NeTV2 – An open video development board - AceJohnny2
https://boingboing.net/2018/05/11/free-as-in-to-air.html
======
jimmies
Bunnie is among a few people that I look up to a lot as not just being
innovative as an inventor and engineer, but also a practical and fearless one
at that. The "sue the US government" was a crazy and genius move.

I have hacked on his hardware -- the Chumby. I had a lot of fun working that
was the inspiration for me to do many things that I do now.

In the past job working for the IT department in a small state university
right after graduating, I convinced the administration to buy a truck of
overstock Best Buy-rebranded Chumbies. I converted those little boxs to an
economical audio/visual/projector control system for our classrooms in 2012
(they are still used until today, I think!). If I recall correctly, that's
even after the Chumby as a company dissolved. The software was largely
abandoned at that point, yet it didn't stop great things like that to happen.
I wrote quite a bit about hacking and putting weird software for the Chumby on
my blog, but the highlight was that specific experience [1]. I hope the link I
posted doesn't come out as self promotion, because the intention here is to
celebrate the spirit that bunnie put into ordinary people like me. Honestly, I
am pretty proud and every time I talk about that experience, it puts a smile
on my face.
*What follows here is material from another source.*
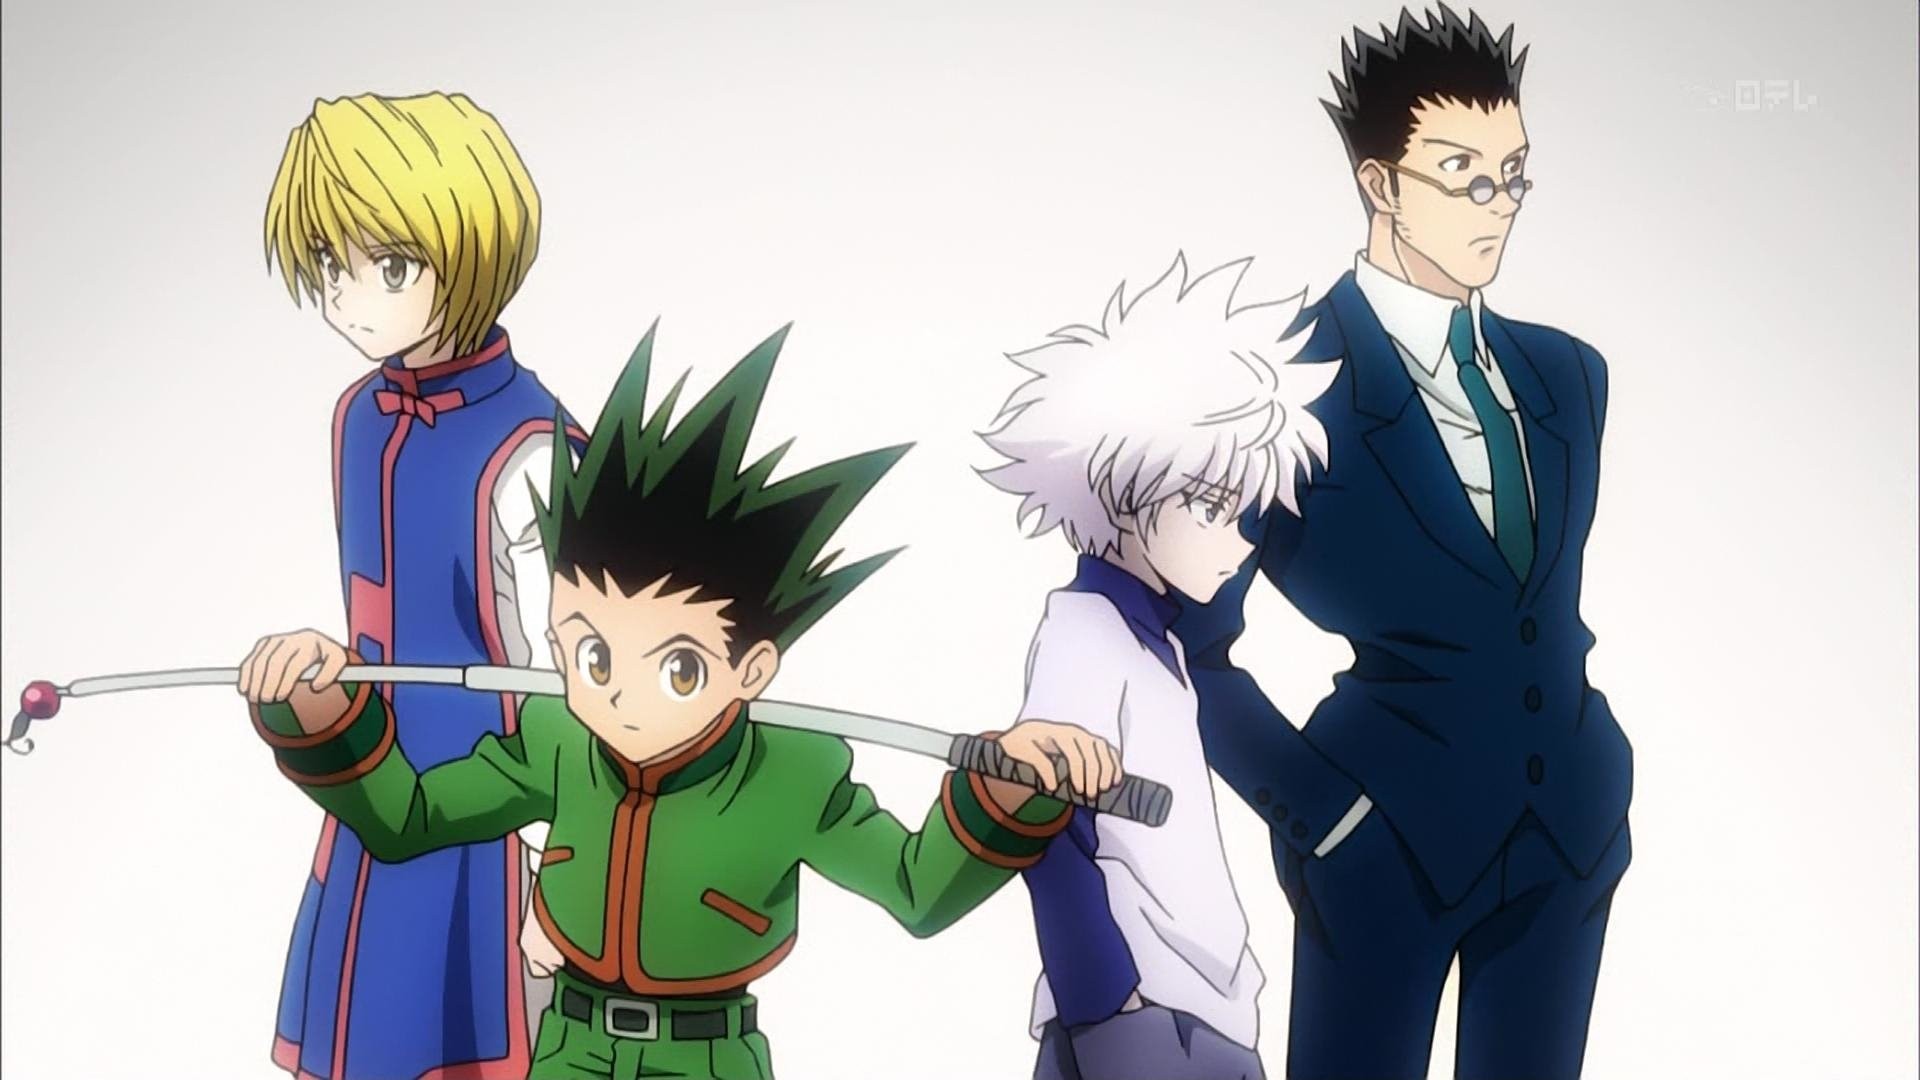 Gon And Killua Movie Wallpaper with high-resolution 1920x1080 pixel. You can use this poster wallpaper for your Desktop Computers, Mac Screensavers, Windows Backgrounds, iPhone Wallpapers, Tablet or Android Lock screen and another Mobile device

All of that wouldn't have been possible without open hardware and
free software.

I wish this world have more people like him, so we can all inspire people to
make hardware and have fun with technology.

1: [http://www.tnhh.net/posts/crankshaft-chumby-do-you-
believe-i...](http://www.tnhh.net/posts/crankshaft-chumby-do-you-believe-in-
the-users.html)

------
falcon620
I bought the first NeTV back in ~2011, via Adafruit. I am not saying that any
promises were breached, but I did feel that the platform was abandondoned
pretty soon after the boards were made available for sale.

So, I guess what I'm saying is: don't buy this board for thinking they'll
continue to develop the software after you buy it. If you buy it, make sure it
is for what the software is today.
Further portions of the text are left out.